# Fancy Guppy Disease?



## Guest (Jun 21, 2005)

I've had two fancy guppies for about two years. I had a male at the beginning, he impregnanted them and died. Then I had a number of babies fromt he two females, only 5 survived. The first female, her back began deforming and sloping down. She died a few months after. Now my other female is having the same thing happen to her. Her babies are fine.

Is this a fancy guppy disease or am I doing something wrong??


----------



## Lexus (Jan 19, 2005)

No its just inbreeding. Guppies reproduce so often and so much and they dont exactly check last names before mating. They are getting so overbred and inbred that its really hard to keep them alive. Unless of course you get them from a breeder


----------



## Damon (Jan 18, 2005)

Childbirthing isn't easy. Add that stress to the fact that many fancy guppies are so interbred that the strains in LFS are very weak.

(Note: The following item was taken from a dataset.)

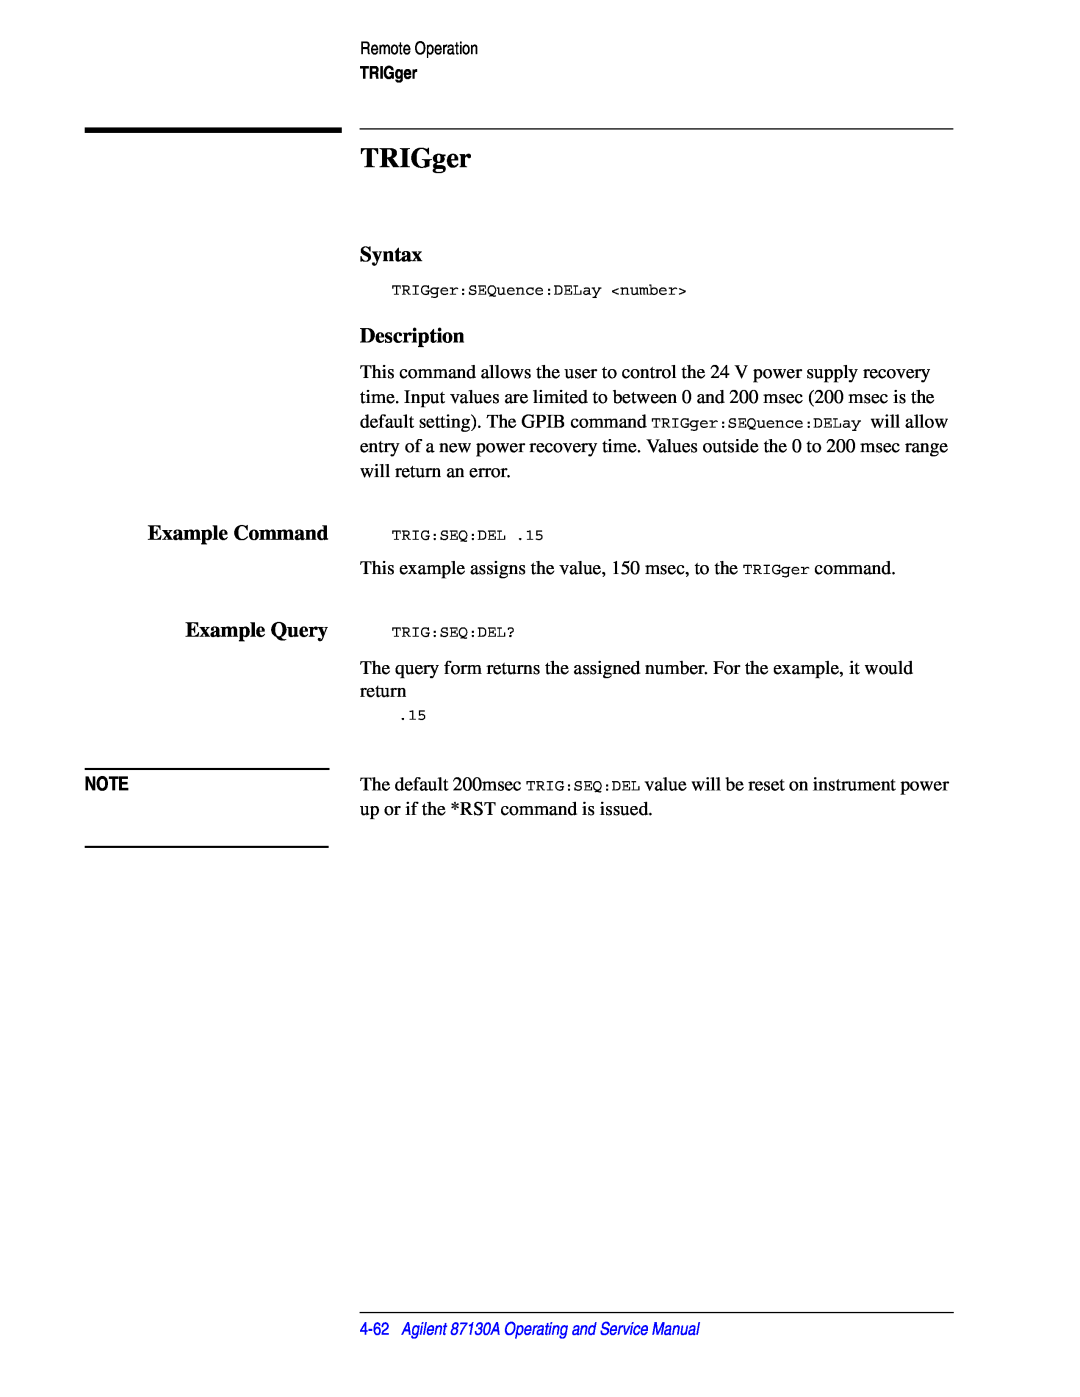 Agilent Technologies 87130A manual TRIGger, Syntax, Description, Example Command, Example Query 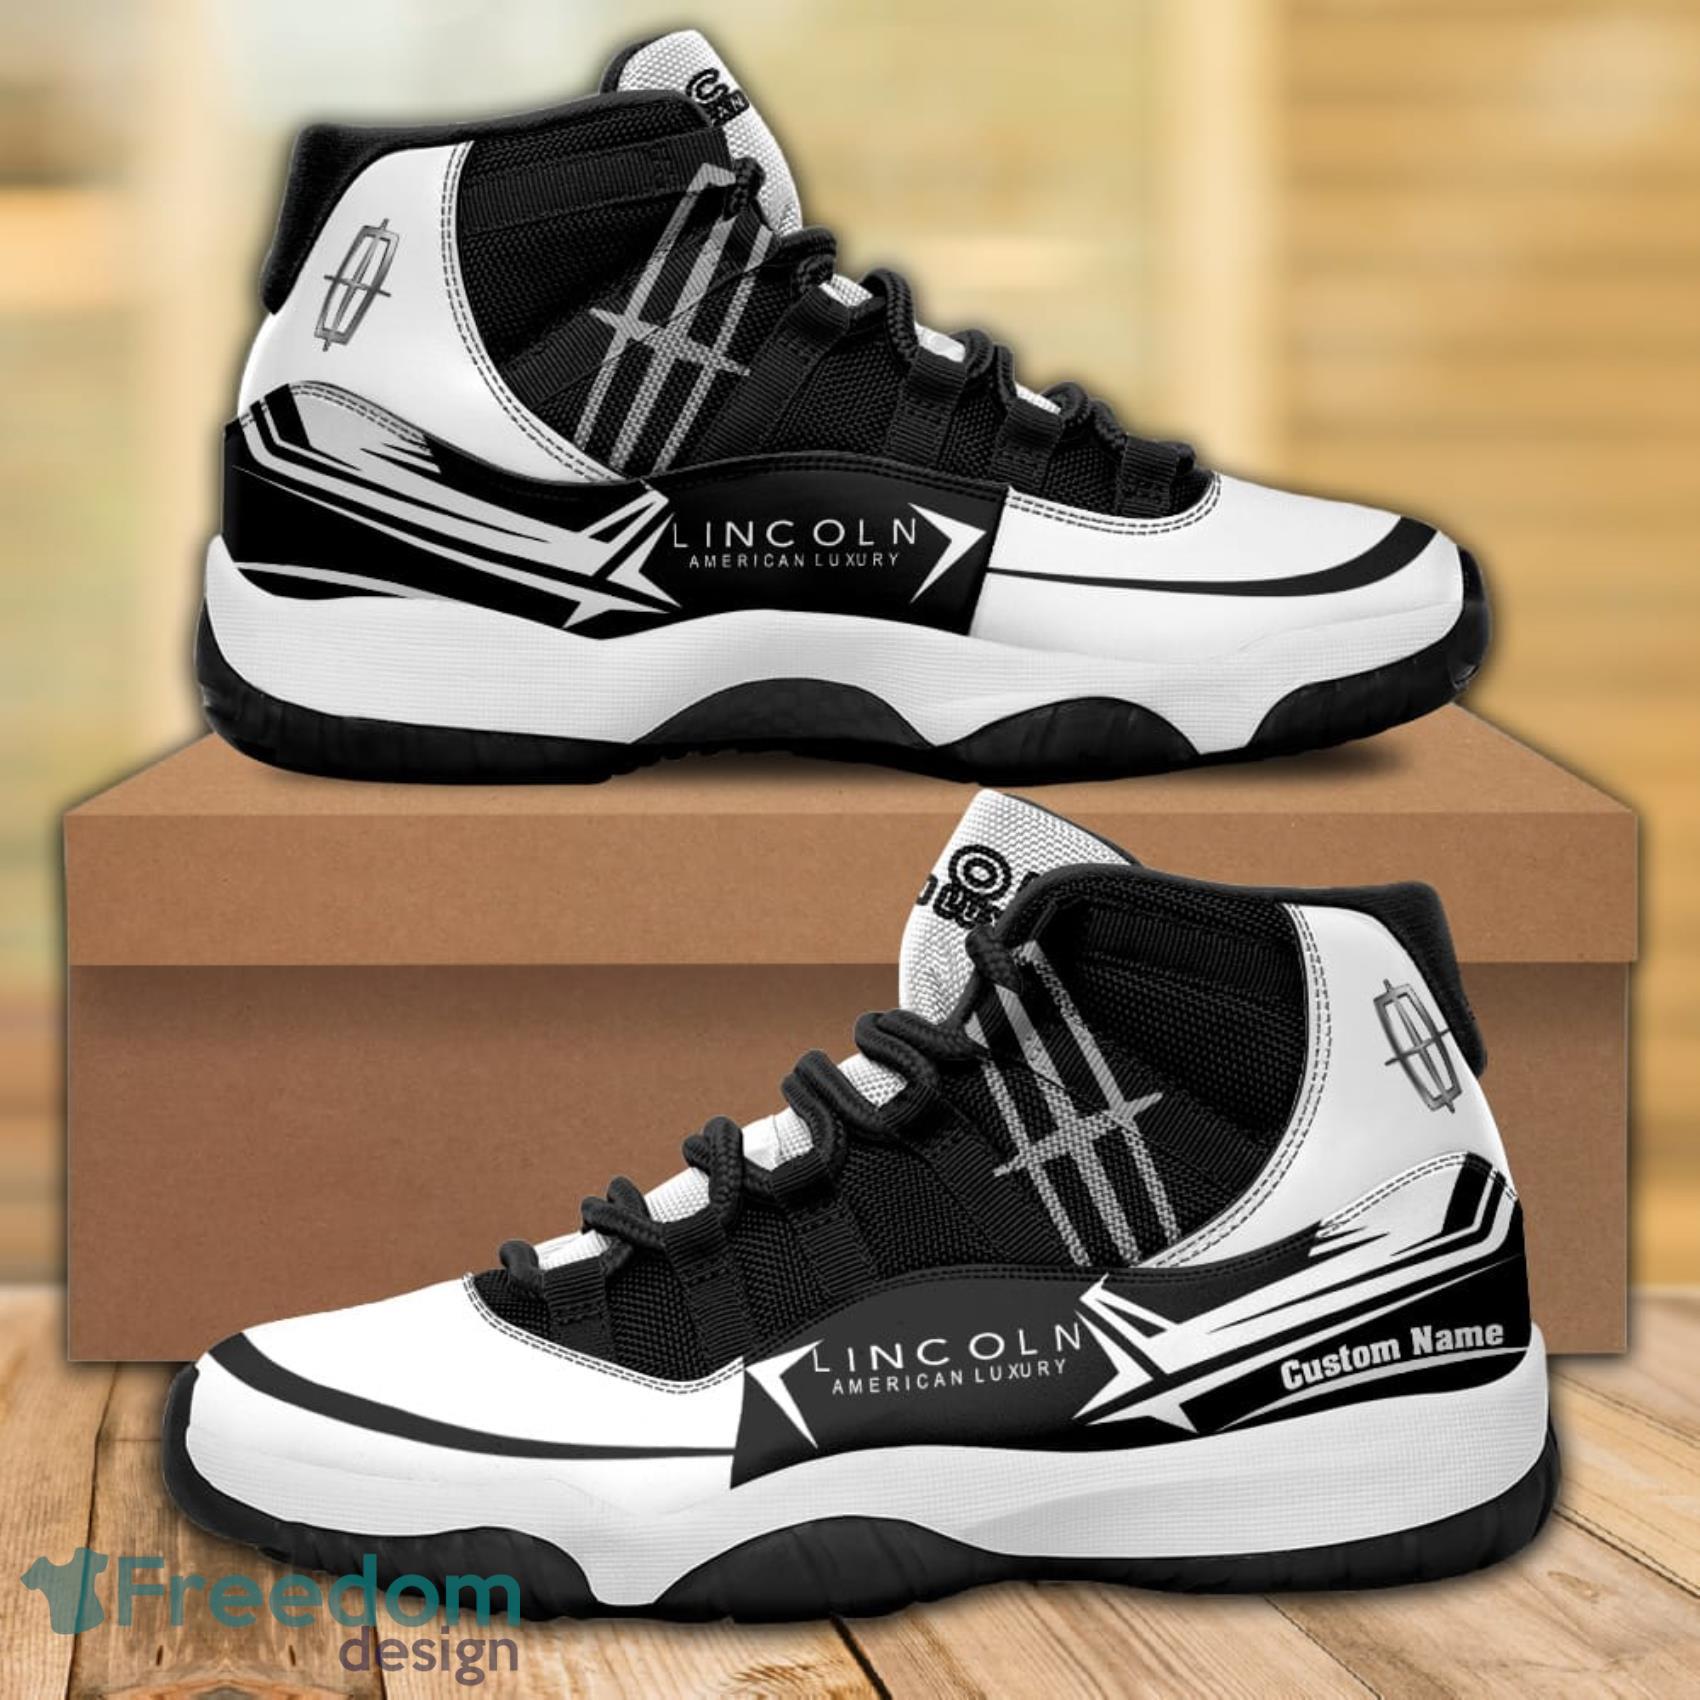 Lincoln Custom Name Any Logo Or Air Jordan 11 Shoes Gift For Fans -  Freedomdesign

It equals very shortened lifespan of fancy guppies.


----------



## sbsociety (May 1, 2005)

Last month, I saw a fancy guppy in my LFS's (99 cent returned fish) tank... It was so huge and weird lookin. The tail sloped down SO much, that it literally made a C shape. And it was huge! (for a guppy) It was about the size of my full grown sailfin mollies. I asked the guy about it, and he said he wouldn't recommend buying it. (down selling, I love it when they tell you the truth, at least he cared more about the customer than getting rid of that thing) Evidently someone bought it, a week later it was gone. It was actually cool lookin, but knowing that it's not SUPPOSED to look like that made it a scary sight. lol.


----------



## Guest (Jun 21, 2005)

Thanks guys, I was wondering if it was maybe something I was doing with my tank.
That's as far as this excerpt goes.